[COLLECTED MATERIAL — start]

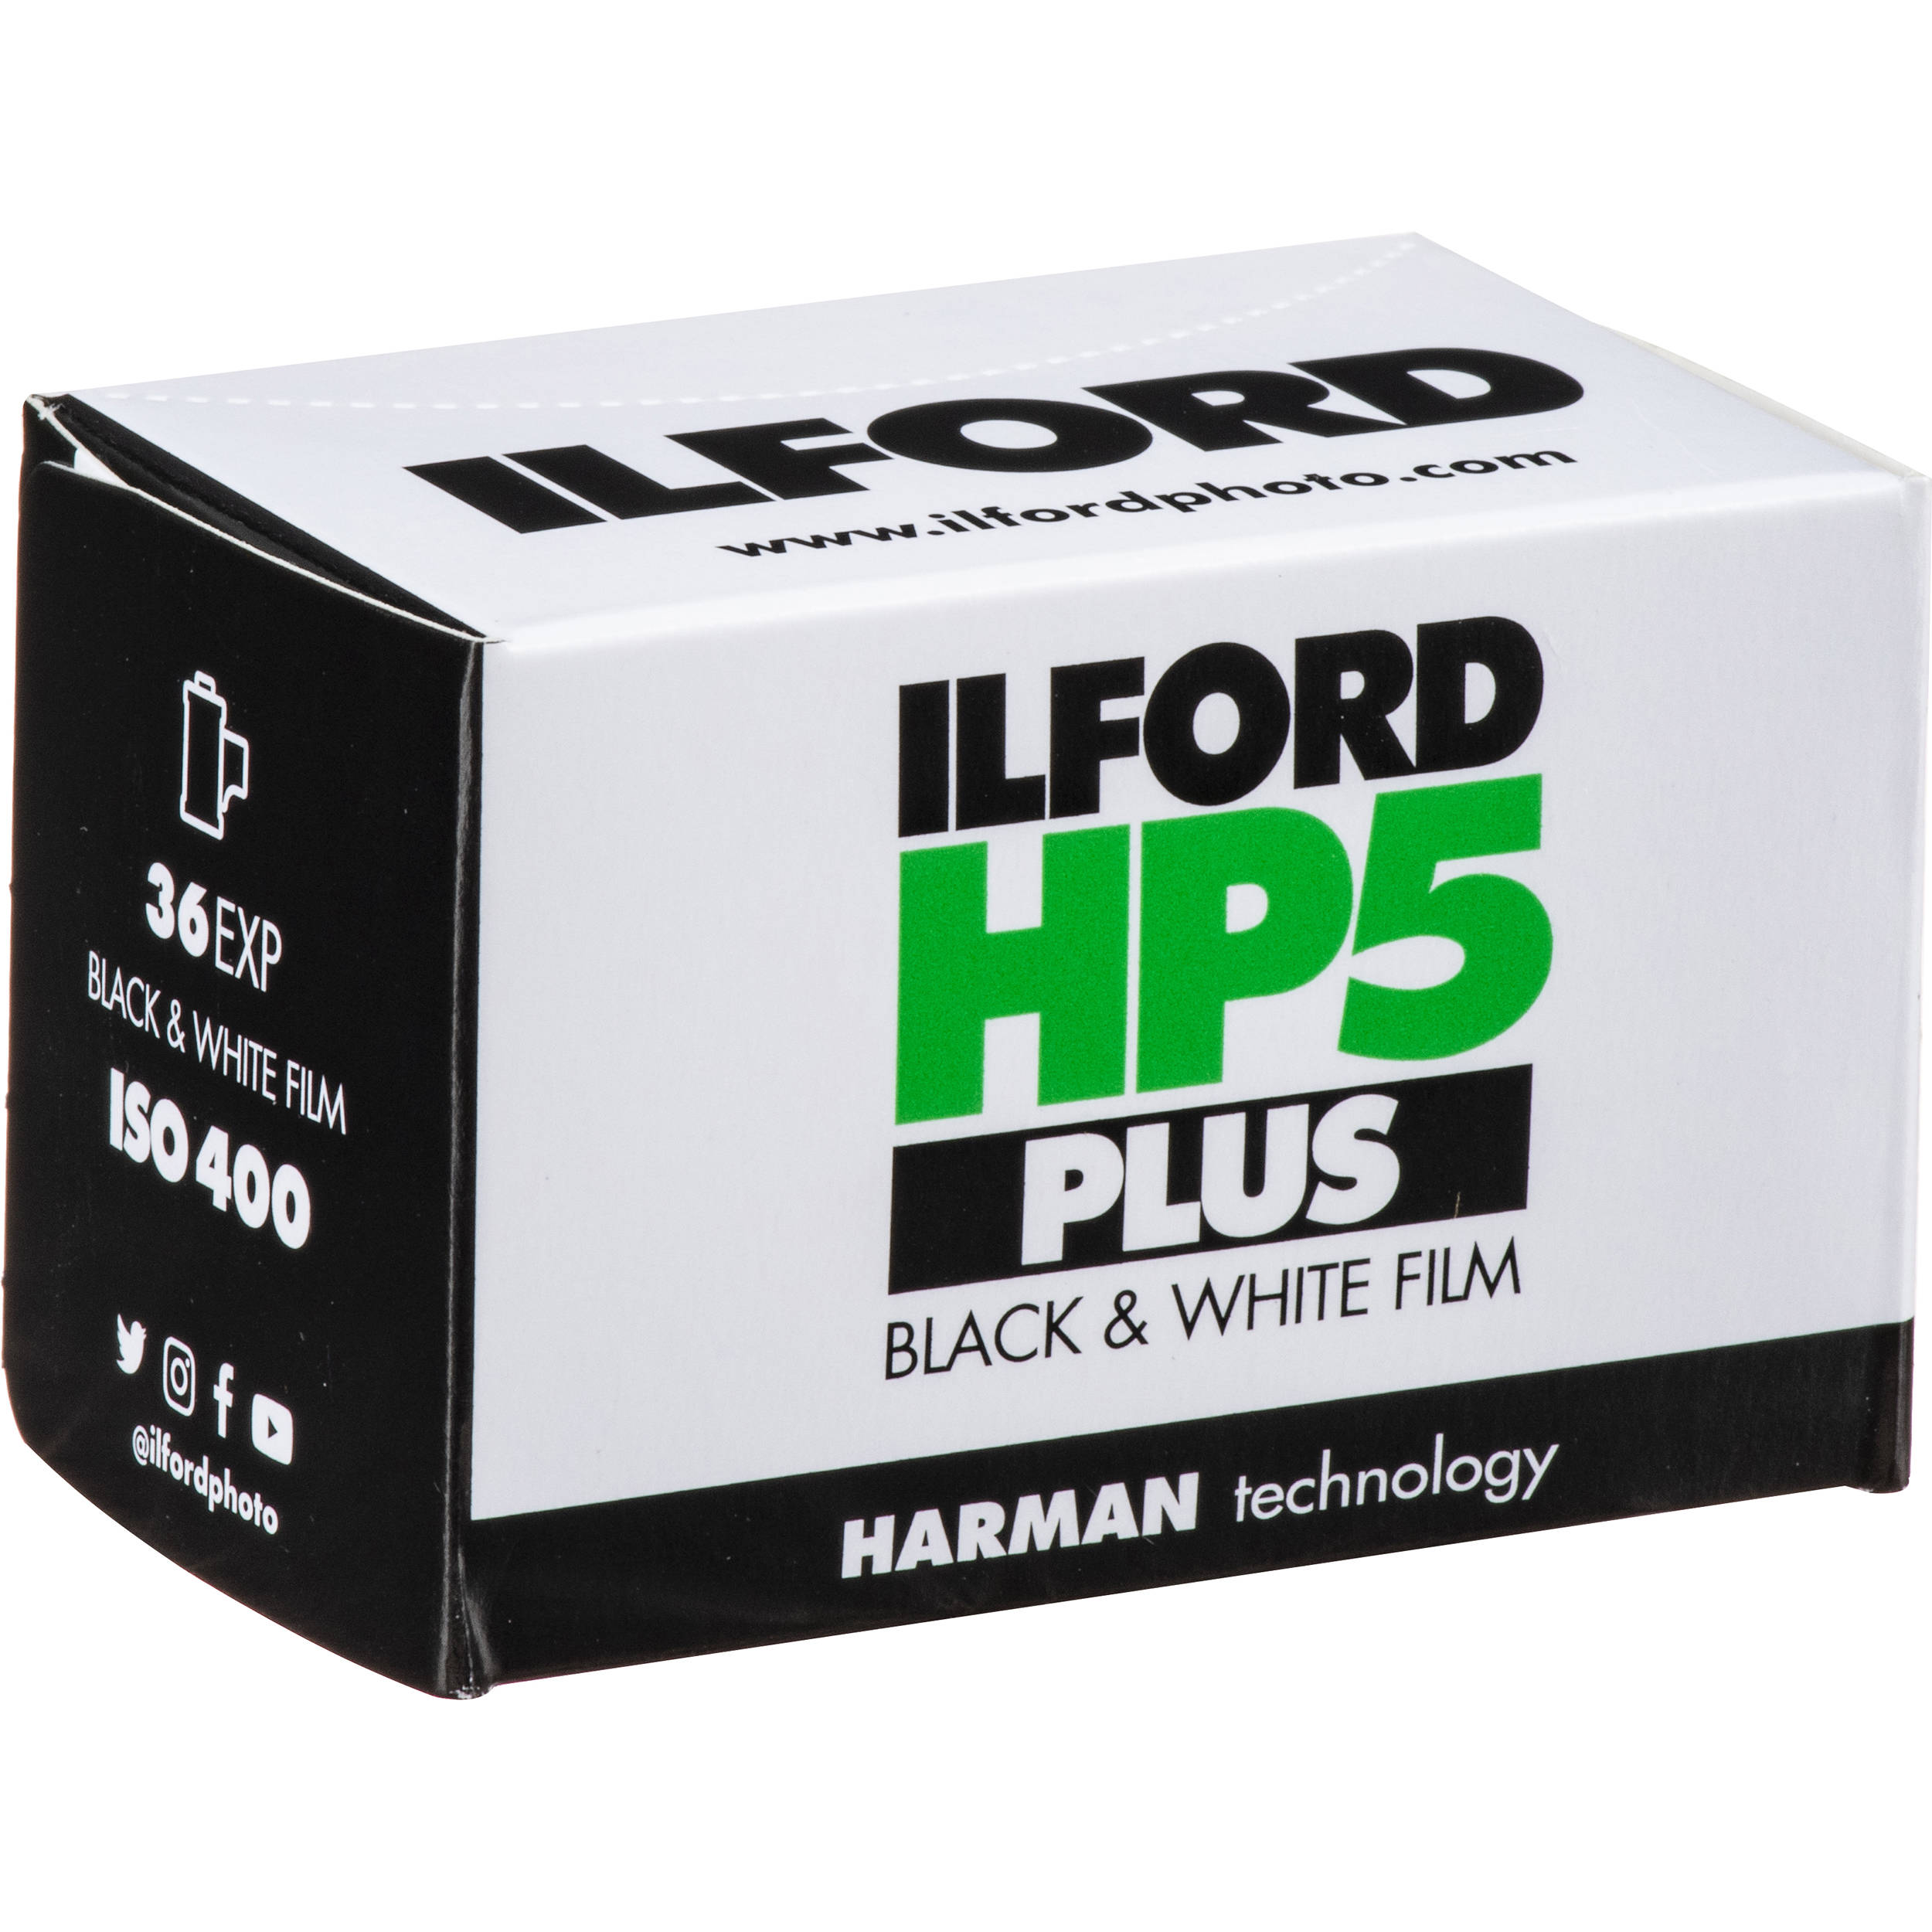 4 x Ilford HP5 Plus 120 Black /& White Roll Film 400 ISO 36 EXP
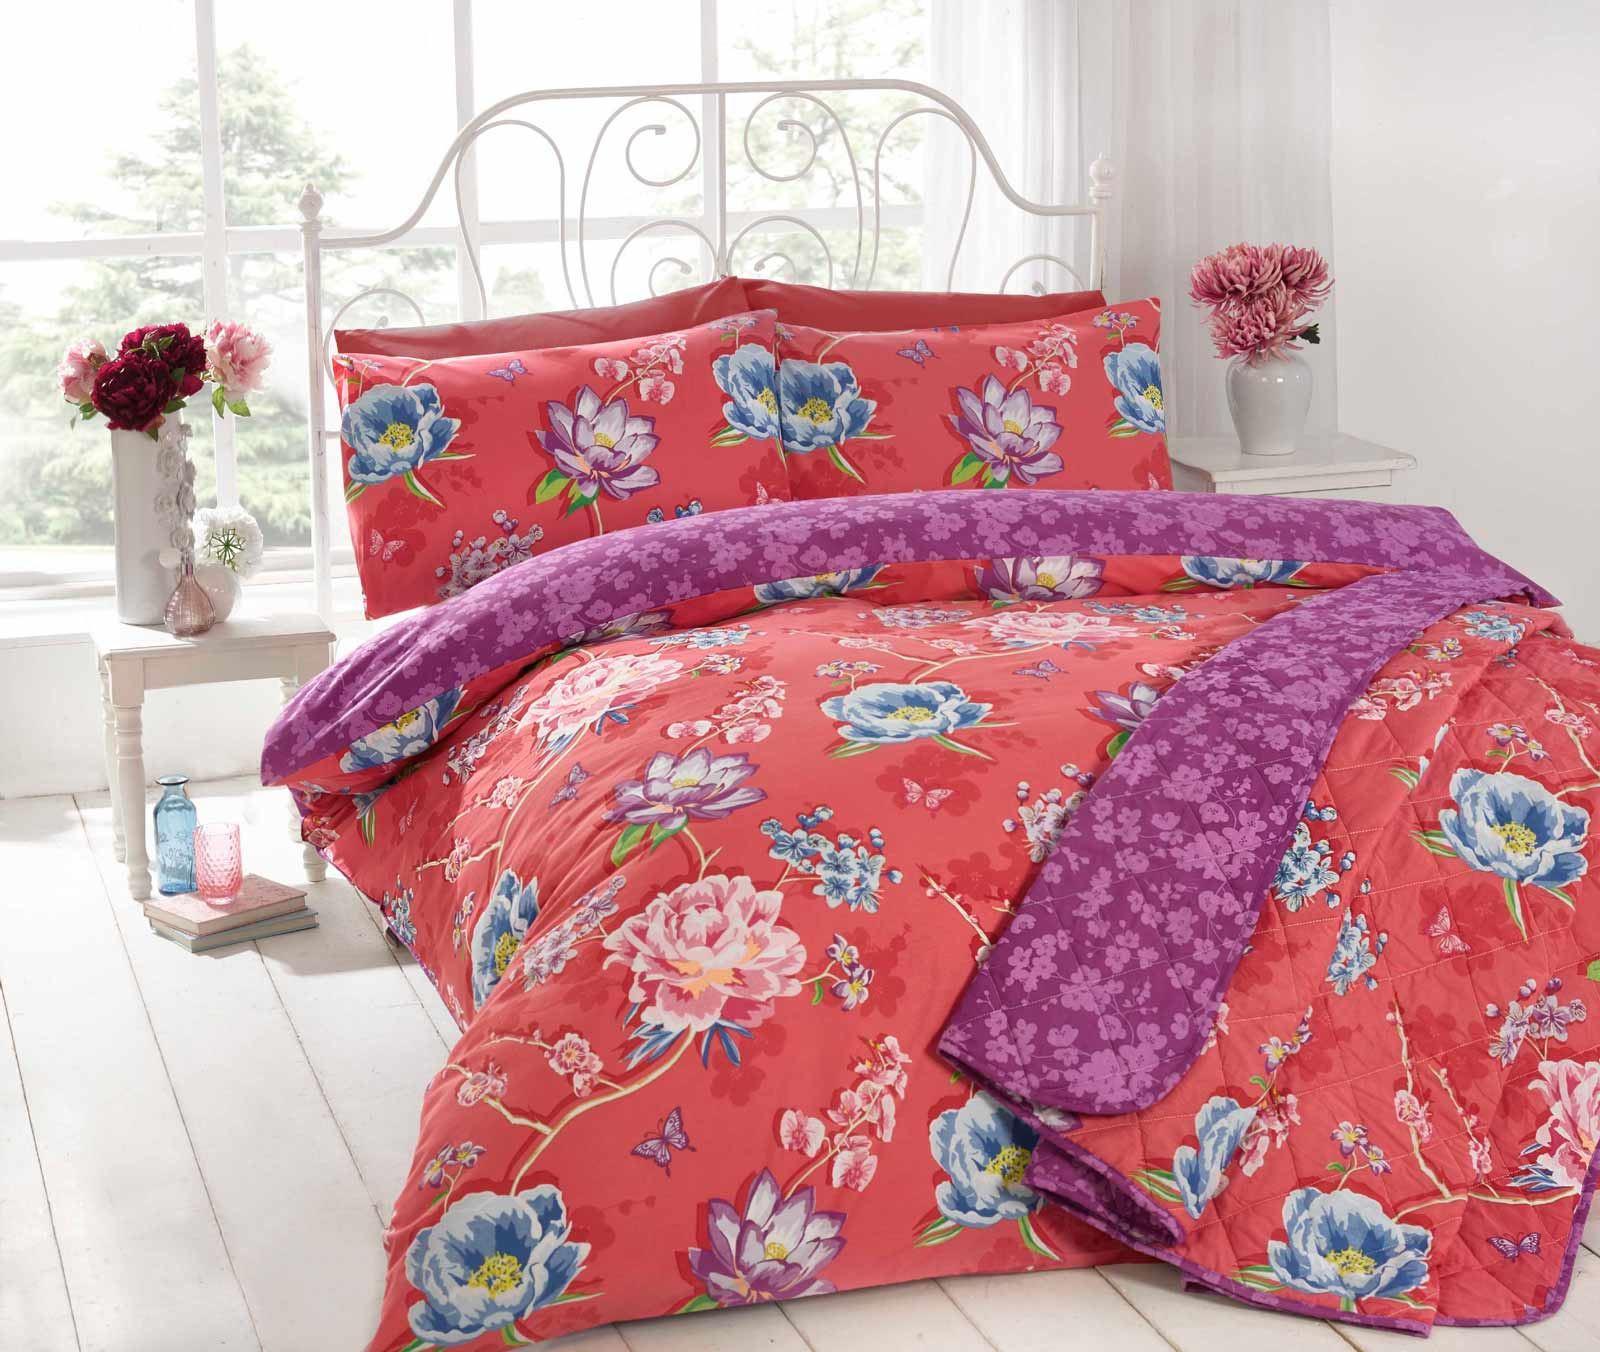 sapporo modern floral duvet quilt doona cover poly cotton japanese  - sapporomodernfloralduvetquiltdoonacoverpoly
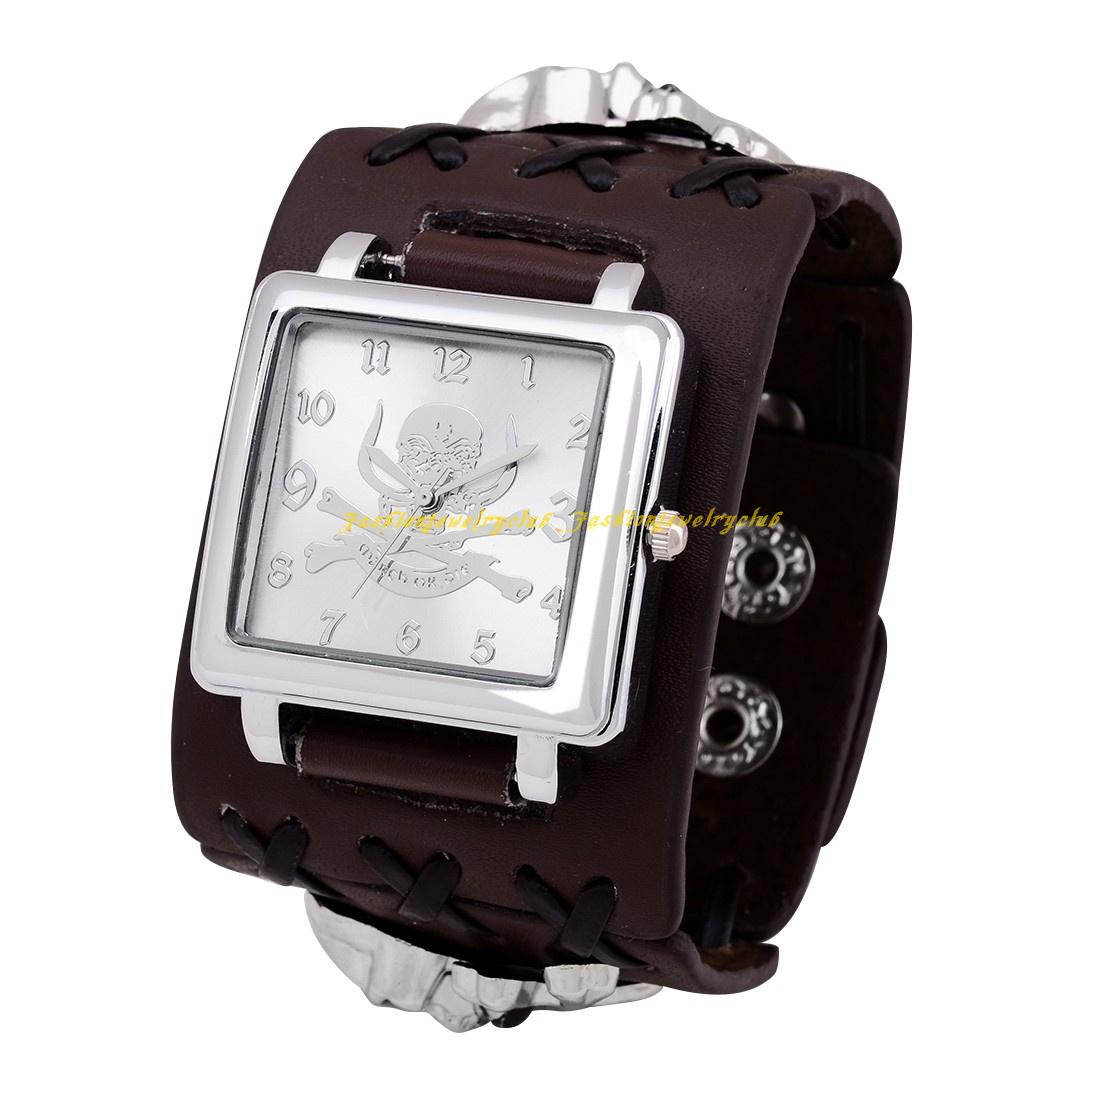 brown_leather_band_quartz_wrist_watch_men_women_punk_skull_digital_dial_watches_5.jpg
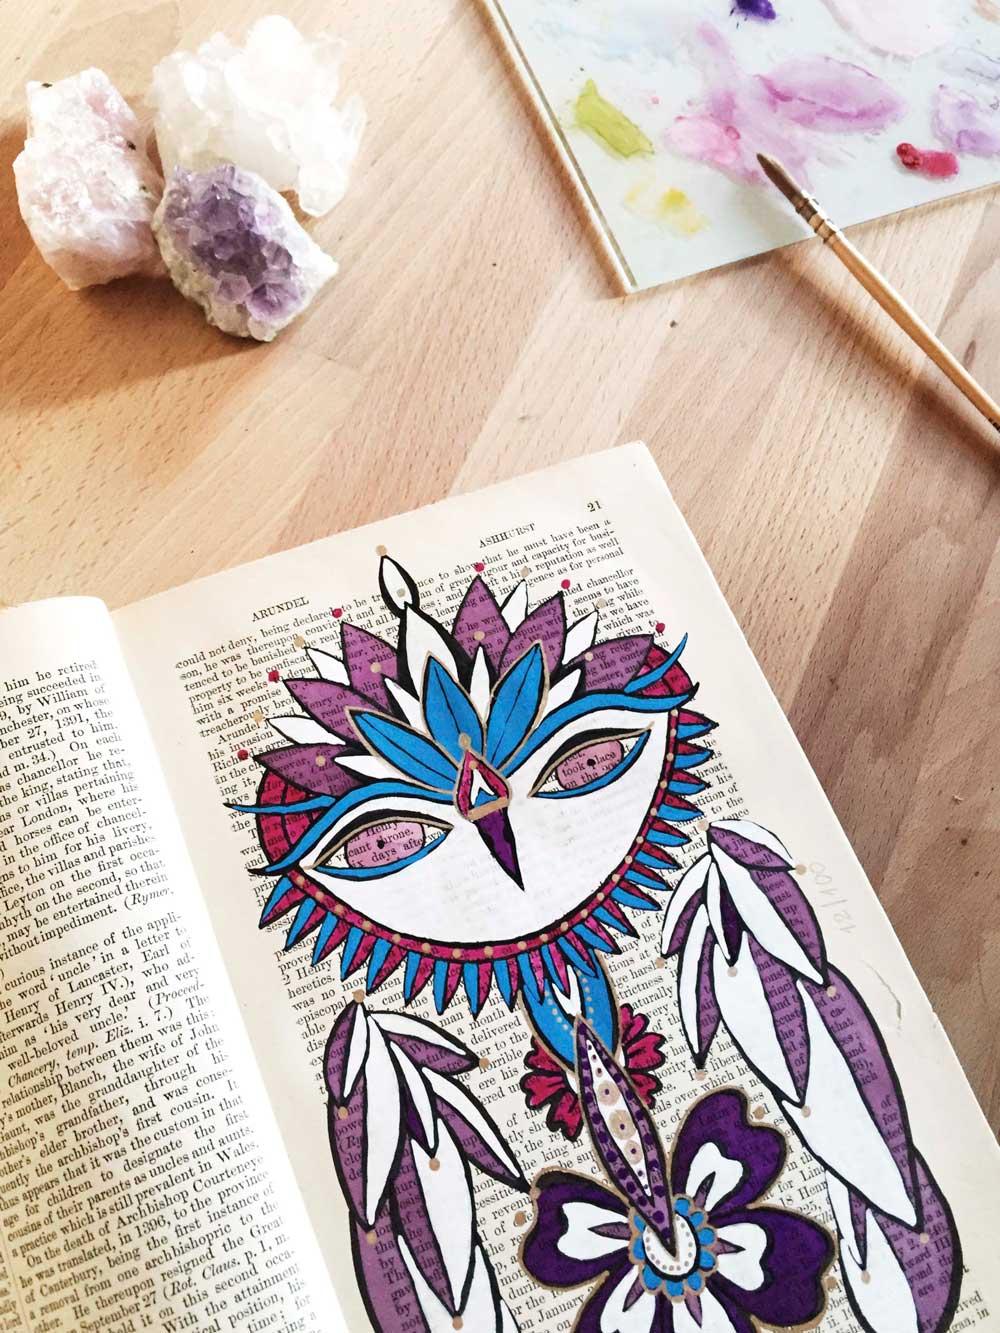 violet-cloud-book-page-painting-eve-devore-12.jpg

[COLLECTED MATERIAL — finish]

WORK ITEM :: Write out the data once more exactly, omitting the pictures.

EXERCISE ANSWER ::
 4 x Ilford HP5 Plus 120 Black /& White Roll Film 400 ISO 36 EXP
 sapporo modern floral duvet quilt doona cover poly cotton japanese  - sapporomodernfloralduvetquiltdoonacoverpoly
 brown_leather_band_quartz_wrist_watch_men_women_punk_skull_digital_dial_watches_5.jpg
 violet-cloud-book-page-painting-eve-devore-12.jpg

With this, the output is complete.